Рассматривая историческую, экономическую и культурную реальности отечественного здравоохранения, необходимо отметить, что качество клинической практики (ключевого звена практического здравоохранения) определяется не только экономическими параметрами внешней среды, но и такими важными факторами, как уровень организационной культуры клинической практики, уровень и доступность постоянного профессионального образования, а на современном этапе – уровнем развития и внедрения информационных технологий в системе здравоохранения, а также адекватным ресурсным обеспечением клинической практики.

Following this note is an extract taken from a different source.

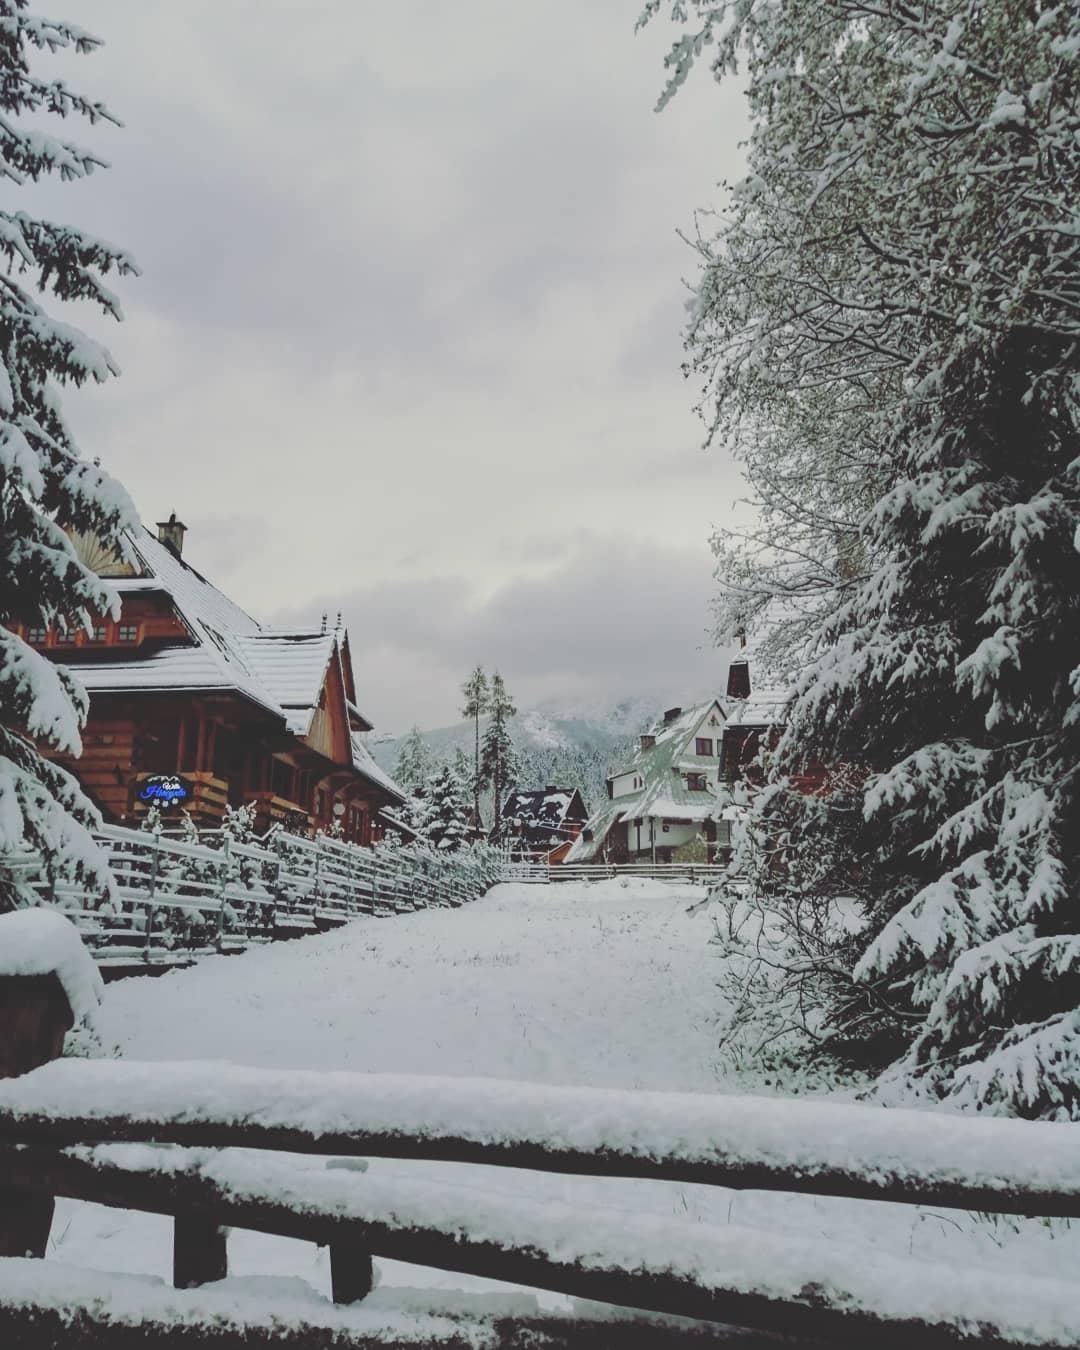 @victori_lin, которую снегопад застал в городе Закопане, считает что город способен влюбить в себя с первого взгляда. А какую роль в такой влюбленности сыграл снегопад?

Достижение определённых критериев качества возможно только на основе системного подхода к организации клинической практики. При этом, простое копирование той или иной модели организации управления качеством клинической практикой, без учёта особенностей реальной среды, где предстоит работать модели, является ошибочным и неэффективным. Любая система адаптируется к конкретным условиям функционирования, к конкретной структуре имеющихся реальных ресурсов.

Важной составляющей клинической практики является лекарственная помощь (ЛП). В свою очередь процесс оказания ЛП в ЛПУ складывается из ряда этапов и соответствующих им процедур оценки результатов этих процессов (табл. 1).

Таблица 1. Этапы лекарственной помощи в ЛПУ

Процедуры

Оценка результатов на этапах

лекарственной помощи в ЛПУ

Обеспечение лекарственными

средствами (ЛС) – закуп ЛС

Оценка рациональности структуры закупа ЛС

(АВС-анализ, VEN-анализ)

Распределение ЛС

 

Оценка оптимальности организации распределения ЛС (своевременность, доступность ЛП)

Назначение ЛС

Оценка обоснованности назначения ЛС и соответствия формулярам, протоколам ЛП, данным «доказательной медицины»

Оценка правомочности назначения ЛС (перечни ЛС программ государственных гарантий, перечни ЛС по дополнительному льготному обеспечению, перечни ЛС, подлежащие назначению через процедуру врачебных комиссий и т.д., регламентированные приказами)

Введение (использование) ЛС

Контроль потребления ЛС (дозирования и режима введения ЛС)

Результаты ЛП

Оценка эффективности ЛС

Оценка безопасности ЛС

ИТОГО: оценка качества лекарственной помощи в ЛПУ

Таким образом, модель управления качеством клинической практики применения ЛС в ЛПУ может быть эффективной только в том случае, если:

  1. изучен и обобщён предшествующий опыт управления качеством ЛП в конкретном ЛПУ;
  2. проведён стартовый анализ качества ЛП в ЛПУ;
  3. разработана рациональная модель структуры назначений и потребления лекарственных препаратов с учётом реальных условий и ресурсов ЛПУ;
  4. разработаны и внедрены инструменты управления качеством ЛП;
  5. определены критерии качества ЛП;
  6. внедрены технологии мониторинга качества ЛП.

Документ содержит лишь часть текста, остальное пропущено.